I am a bit unsure about the organization and partition of the
material for the next two meeting. So I'll provide what is planned
for both as well as my recommendation and hesitations.
In the meeting, I will focus on three issues.
- The general paradigm of PRGs, which combines (1) a deterministic stretch
with (2) a notion of computational (i.e., restricted) indistinguishability,
which is weaker than statistic indistinguishability.
[Indeed, PRGs stretch/extend randomness, not "generate" it from scratch.]
On top of it, we consider (3) the complexity of generation.
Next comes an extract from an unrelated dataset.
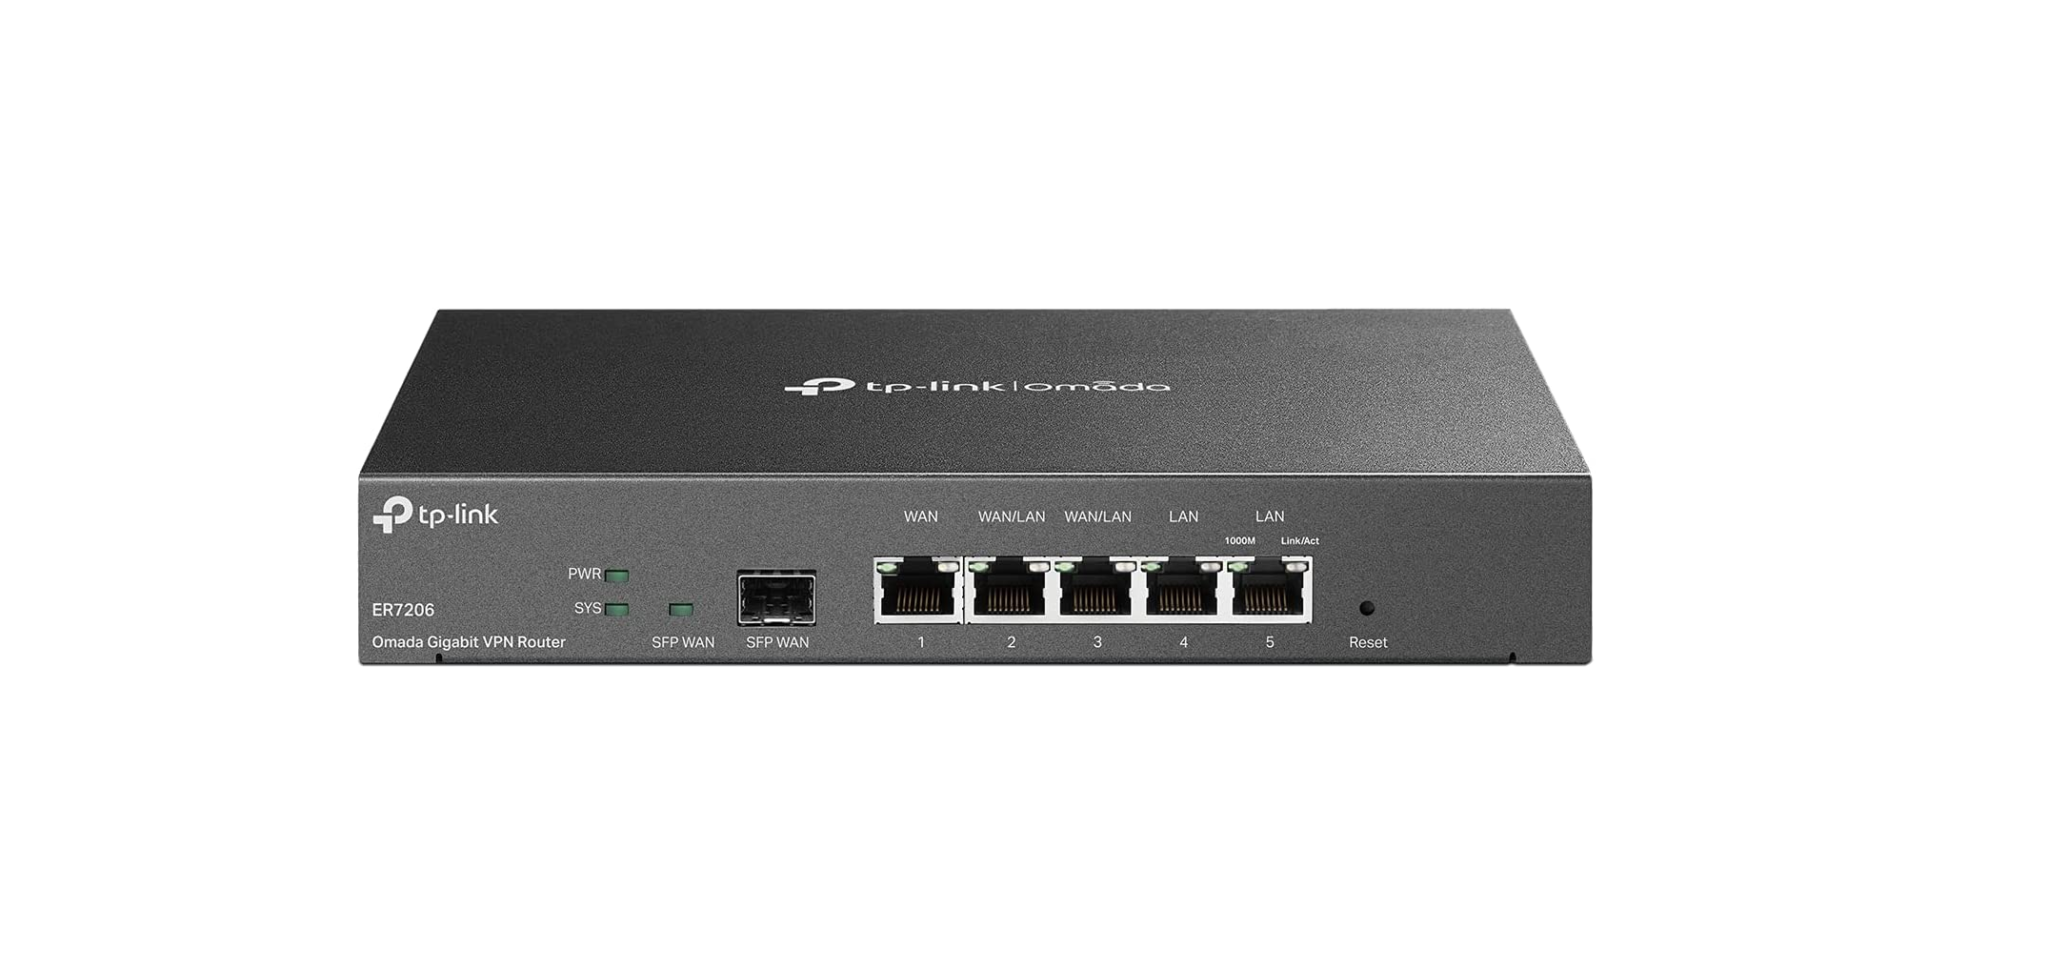 ER605 Omada Gigabit VPN Router
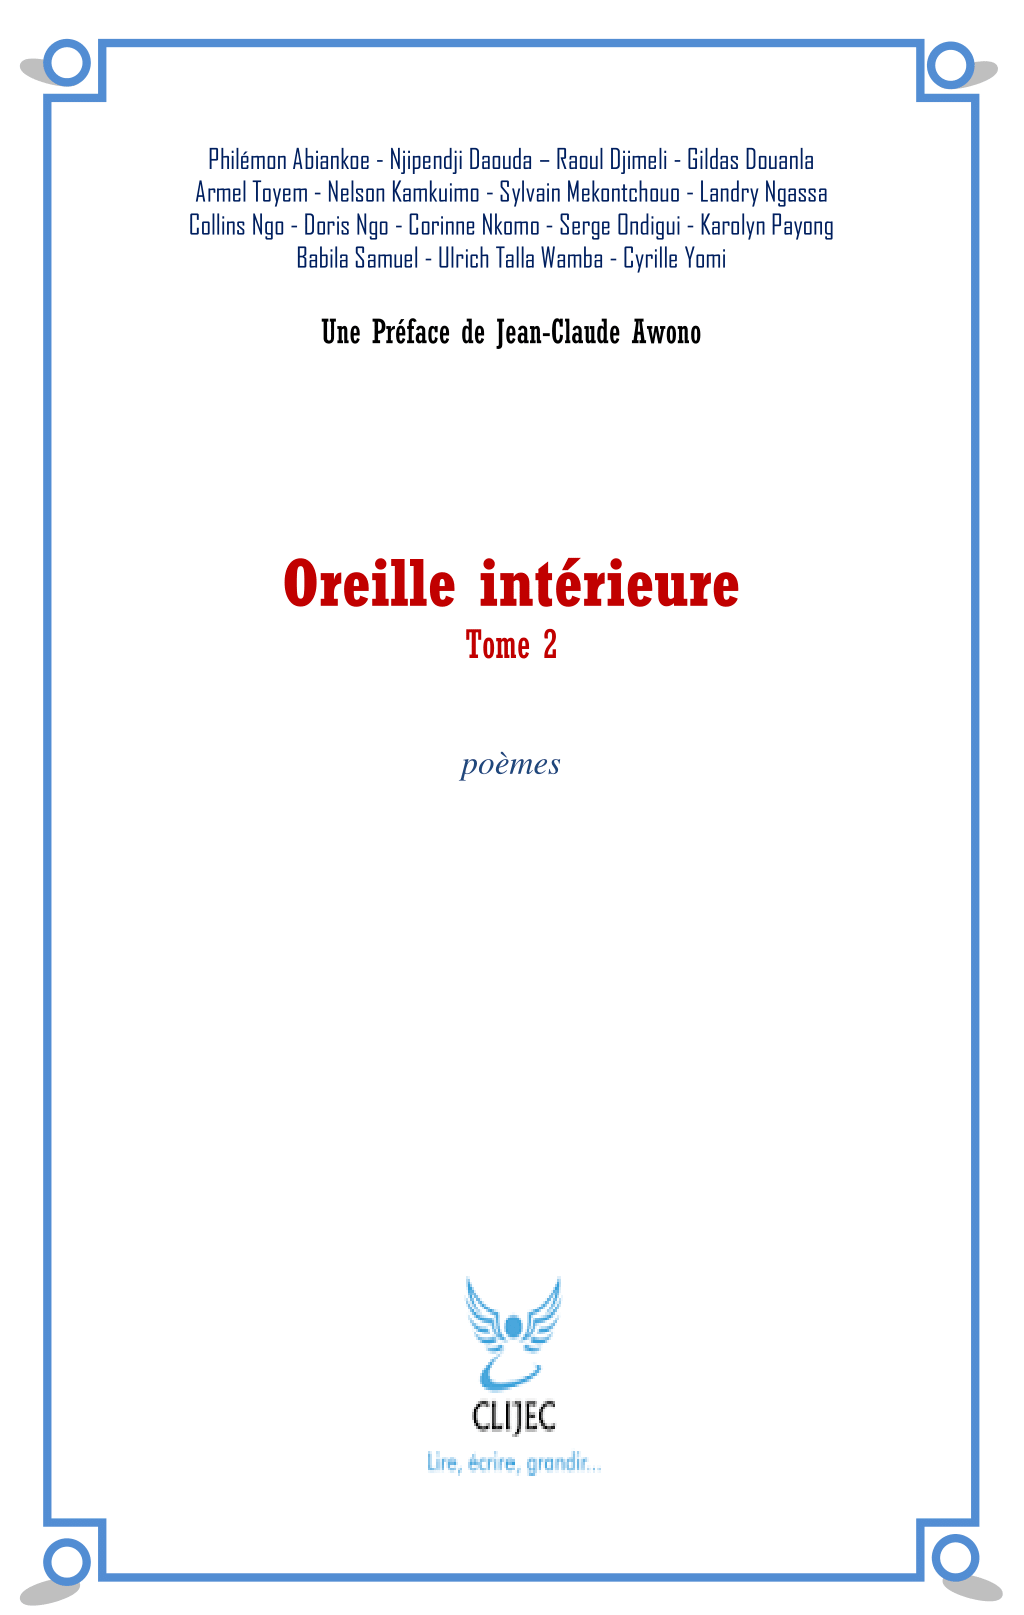 Couverture_oreille_interieure_clijec

Without item (3), we can easily get strong PRGs -- See Exer 8.1.
- In general purpose PRGs, item (2) refers to *any* PPT,
whereas item (3) refers to a fixed poly-time computation
(and thus stretch is restricted to that level).
The point is that a single PRGs is good wrt all efficient applications,
even those that require more resources that the generator's evaluation.
- A focus on Computational Indistinguishability (CI) highlighting:
(i) CI is a strict relaxation of statistical indistinguishability.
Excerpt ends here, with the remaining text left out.